Both parts of the study used the input from 16 expert interviews with representatives of digital health application providers and statutory health insurances in Germany. In part one the authors conducted a qualitative content analysis and in part two they followed the taxonomy development process according to Nickerson et al. (2013).

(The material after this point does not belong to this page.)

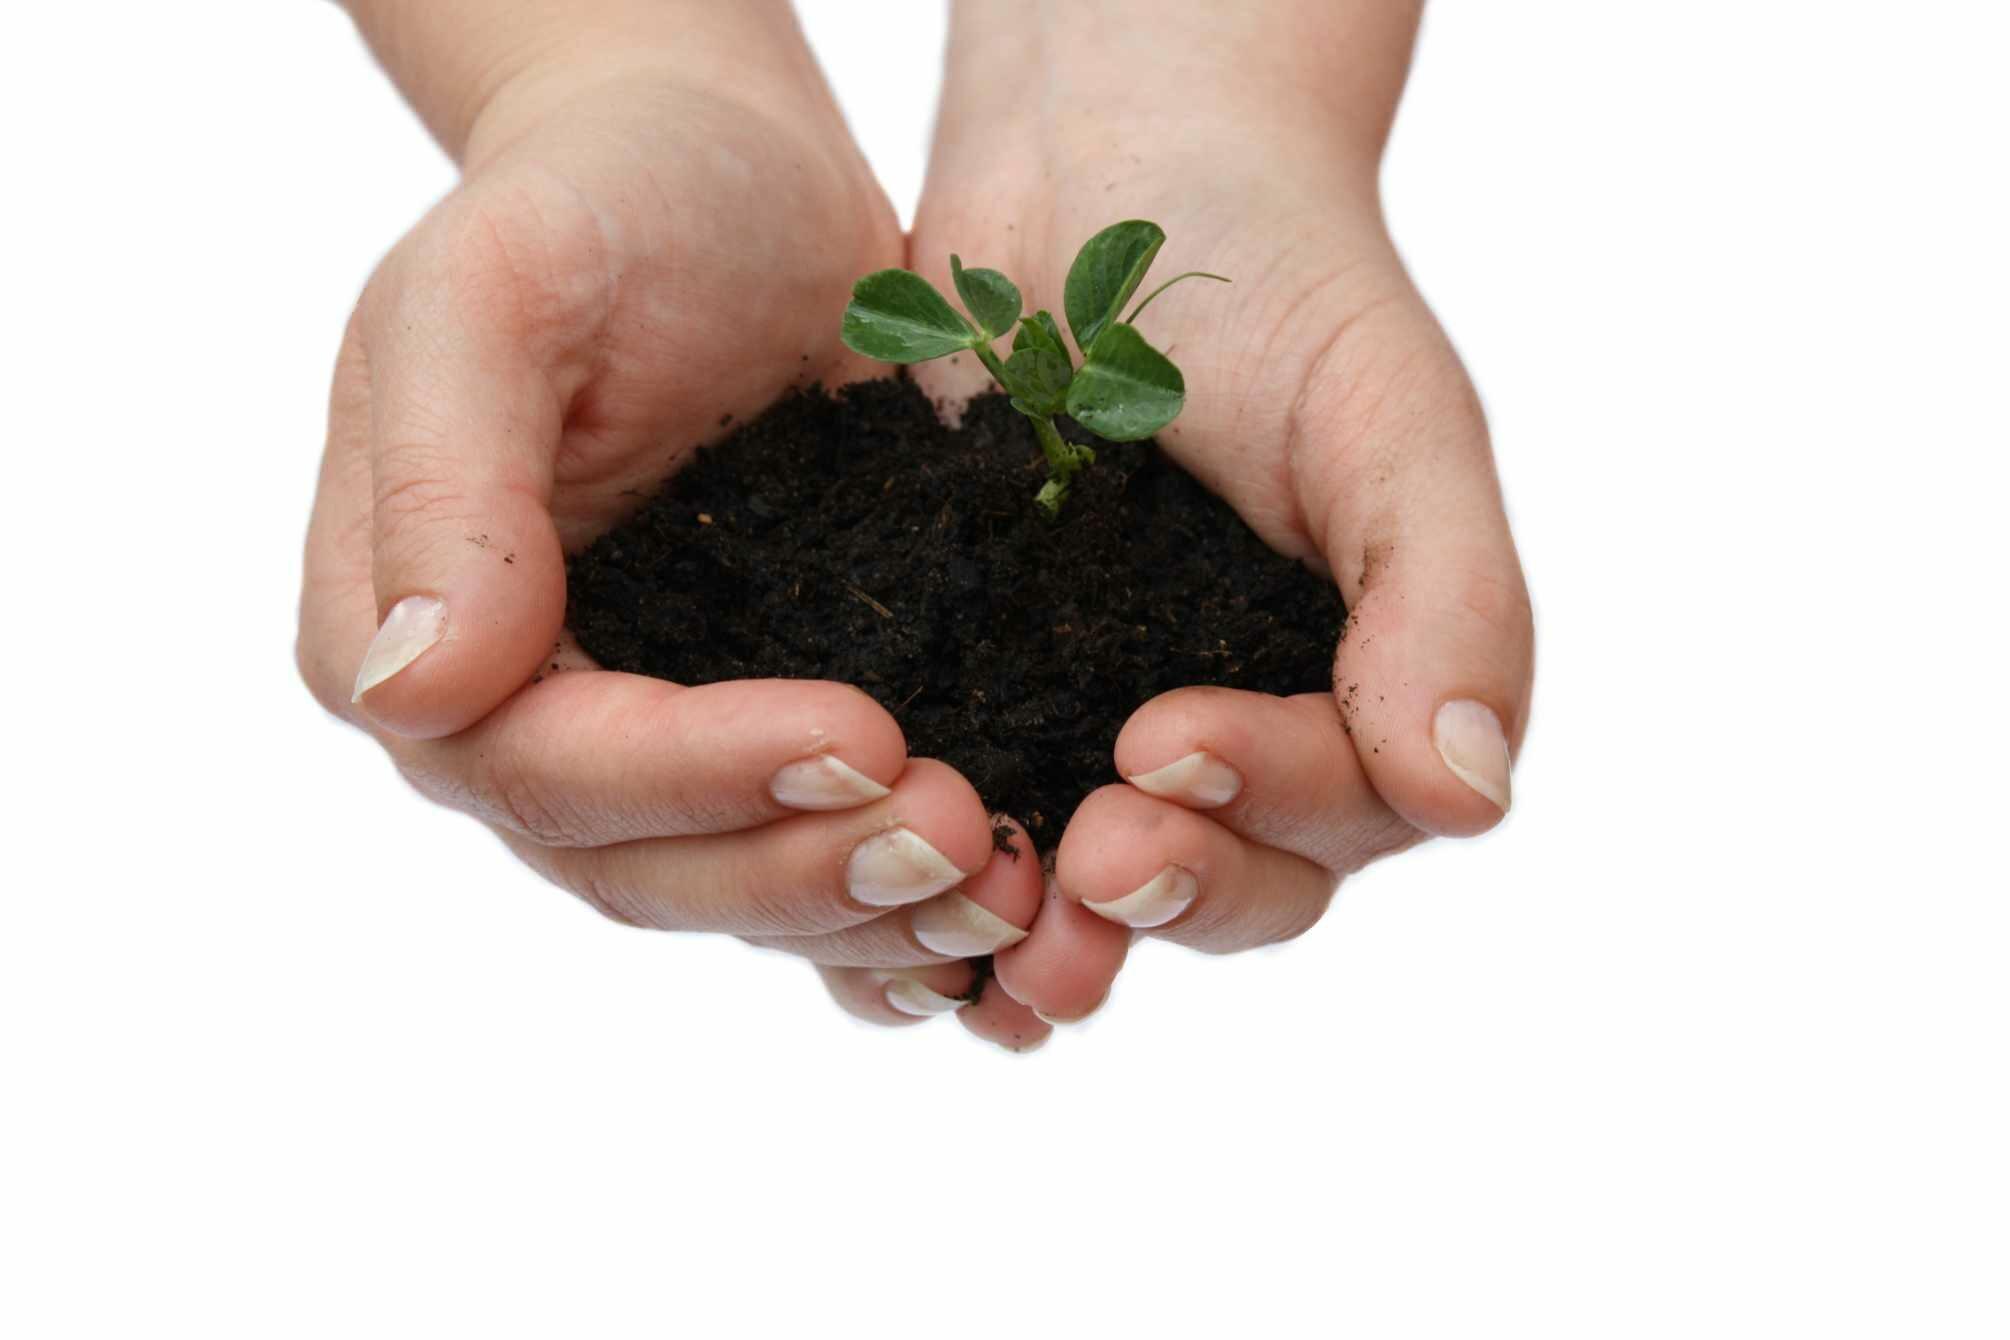 Blumenerde mit einer kleinen Pflanze in den Händen

A value based care model is expected to bring the greatest benefit for patients while statutory health insurances welcome the idea of usage based pricing. The final pricing and payment taxonomy consists of four design and negotiation steps (price finding, payment prerequisites, payment modalities, composition of negotiation board).
As healthcare resources are scarce and thus need to be optimally allocated, it is important to implement pricing and payment terms for reimbursable mHealth apps that result in the greatest benefit for patients. To the best of the authors' knowledge, there has been no structured study yet that examines alternative pricing strategies for reimbursable mHealth apps.The developed pricing and payment taxonomy for reimbursable mHealth apps serves as planning and decision basis for developers, health policy makers and payers internationally.
德国是全球首个提供可凭处方开具且由法定医疗保险全额覆盖费用的移动数字健康应用程序(移动健康应用程序,“数字医疗服务应用程序”)的国家。特别是法定医疗保险批评德国当前的定价和支付规定,原因是第一年定价“免费且不透明”,且缺乏成本使用证据。该研究包括两个部分:第一部分评估德国数字健康应用程序提供商和法定医疗保险的利益,以确定利益的重叠和分歧。第二部分总体上包括为可报销的移动健康应用程序制定全面的定价和支付分类法。
该研究的两个部分都采用了对德国数字健康应用程序提供商和法定医疗保险代表进行的16次专家访谈的意见。在第一部分中,作者进行了定性内容分析,在第二部分中,他们遵循了尼克森等人(2013年)的分类法开发过程。
基于价值的医疗模式预计将为患者带来最大益处,而法定医疗保险则欢迎基于使用量定价的理念。最终的定价和支付分类法包括四个设计和谈判步骤(定价、支付前提条件、支付方式、谈判委员会组成)。
由于医疗资源稀缺,因此需要进行优化分配,为可报销的移动健康应用程序实施能为患者带来最大益处的定价和支付条款非常重要。据作者所知,尚未有结构化研究考察可报销移动健康应用程序的替代定价策略。为可报销移动健康应用程序制定的定价和支付分类法为国际上的开发者、卫生政策制定者和支付方提供了规划和决策依据。